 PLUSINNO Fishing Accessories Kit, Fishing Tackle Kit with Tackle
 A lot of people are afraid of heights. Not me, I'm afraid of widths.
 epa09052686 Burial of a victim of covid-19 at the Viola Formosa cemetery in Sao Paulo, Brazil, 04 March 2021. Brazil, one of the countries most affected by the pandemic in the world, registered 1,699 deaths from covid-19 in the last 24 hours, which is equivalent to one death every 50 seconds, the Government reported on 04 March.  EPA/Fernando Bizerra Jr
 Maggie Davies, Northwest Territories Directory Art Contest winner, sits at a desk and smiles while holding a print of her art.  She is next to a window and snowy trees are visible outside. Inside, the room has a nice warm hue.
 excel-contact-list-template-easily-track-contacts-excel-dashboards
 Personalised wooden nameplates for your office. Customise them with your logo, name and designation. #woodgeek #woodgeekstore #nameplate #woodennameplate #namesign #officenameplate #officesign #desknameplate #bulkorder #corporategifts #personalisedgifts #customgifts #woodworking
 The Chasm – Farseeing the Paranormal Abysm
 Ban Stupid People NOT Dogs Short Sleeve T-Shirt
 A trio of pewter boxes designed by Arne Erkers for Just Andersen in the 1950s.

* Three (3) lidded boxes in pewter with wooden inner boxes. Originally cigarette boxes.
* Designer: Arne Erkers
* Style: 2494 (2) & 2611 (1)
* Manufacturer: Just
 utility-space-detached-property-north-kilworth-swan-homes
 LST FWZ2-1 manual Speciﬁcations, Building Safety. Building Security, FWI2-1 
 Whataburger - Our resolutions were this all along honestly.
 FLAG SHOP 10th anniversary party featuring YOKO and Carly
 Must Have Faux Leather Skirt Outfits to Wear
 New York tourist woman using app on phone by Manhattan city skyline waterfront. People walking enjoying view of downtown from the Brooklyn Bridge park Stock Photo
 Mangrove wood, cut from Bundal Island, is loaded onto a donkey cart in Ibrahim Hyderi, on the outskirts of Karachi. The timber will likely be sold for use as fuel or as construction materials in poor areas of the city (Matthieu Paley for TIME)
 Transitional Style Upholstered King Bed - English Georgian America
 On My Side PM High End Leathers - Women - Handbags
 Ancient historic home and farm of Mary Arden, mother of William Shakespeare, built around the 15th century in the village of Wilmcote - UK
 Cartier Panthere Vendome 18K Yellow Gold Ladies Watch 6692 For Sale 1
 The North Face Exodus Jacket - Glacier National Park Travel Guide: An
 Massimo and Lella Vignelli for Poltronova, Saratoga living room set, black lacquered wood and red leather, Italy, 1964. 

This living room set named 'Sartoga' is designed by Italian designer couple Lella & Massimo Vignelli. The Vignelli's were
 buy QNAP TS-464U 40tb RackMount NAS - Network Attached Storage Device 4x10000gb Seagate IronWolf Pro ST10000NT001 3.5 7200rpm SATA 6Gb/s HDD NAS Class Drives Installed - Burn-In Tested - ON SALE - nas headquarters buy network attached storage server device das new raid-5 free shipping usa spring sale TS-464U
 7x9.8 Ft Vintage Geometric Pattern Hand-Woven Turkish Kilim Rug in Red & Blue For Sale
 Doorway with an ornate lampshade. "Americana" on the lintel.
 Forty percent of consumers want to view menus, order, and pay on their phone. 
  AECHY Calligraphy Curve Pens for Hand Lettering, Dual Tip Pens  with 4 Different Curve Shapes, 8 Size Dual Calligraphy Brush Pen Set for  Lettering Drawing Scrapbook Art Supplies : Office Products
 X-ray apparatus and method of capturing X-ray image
________________________
* ACTIVITY
Output the lines of the records above exactly as they appear, from the line containing "Personalised wooden nameplates" through the line containing "New York tourist".

* TASK RESPONSE
 Personalised wooden nameplates for your office. Customise them with your logo, name and designation. #woodgeek #woodgeekstore #nameplate #woodennameplate #namesign #officenameplate #officesign #desknameplate #bulkorder #corporategifts #personalisedgifts #customgifts #woodworking
 The Chasm – Farseeing the Paranormal Abysm
 Ban Stupid People NOT Dogs Short Sleeve T-Shirt
 A trio of pewter boxes designed by Arne Erkers for Just Andersen in the 1950s.

* Three (3) lidded boxes in pewter with wooden inner boxes. Originally cigarette boxes.
* Designer: Arne Erkers
* Style: 2494 (2) & 2611 (1)
* Manufacturer: Just
 utility-space-detached-property-north-kilworth-swan-homes
 LST FWZ2-1 manual Speciﬁcations, Building Safety. Building Security, FWI2-1 
 Whataburger - Our resolutions were this all along honestly.
 FLAG SHOP 10th anniversary party featuring YOKO and Carly
 Must Have Faux Leather Skirt Outfits to Wear
 New York tourist woman using app on phone by Manhattan city skyline waterfront. People walking enjoying view of downtown from the Brooklyn Bridge park Stock Photo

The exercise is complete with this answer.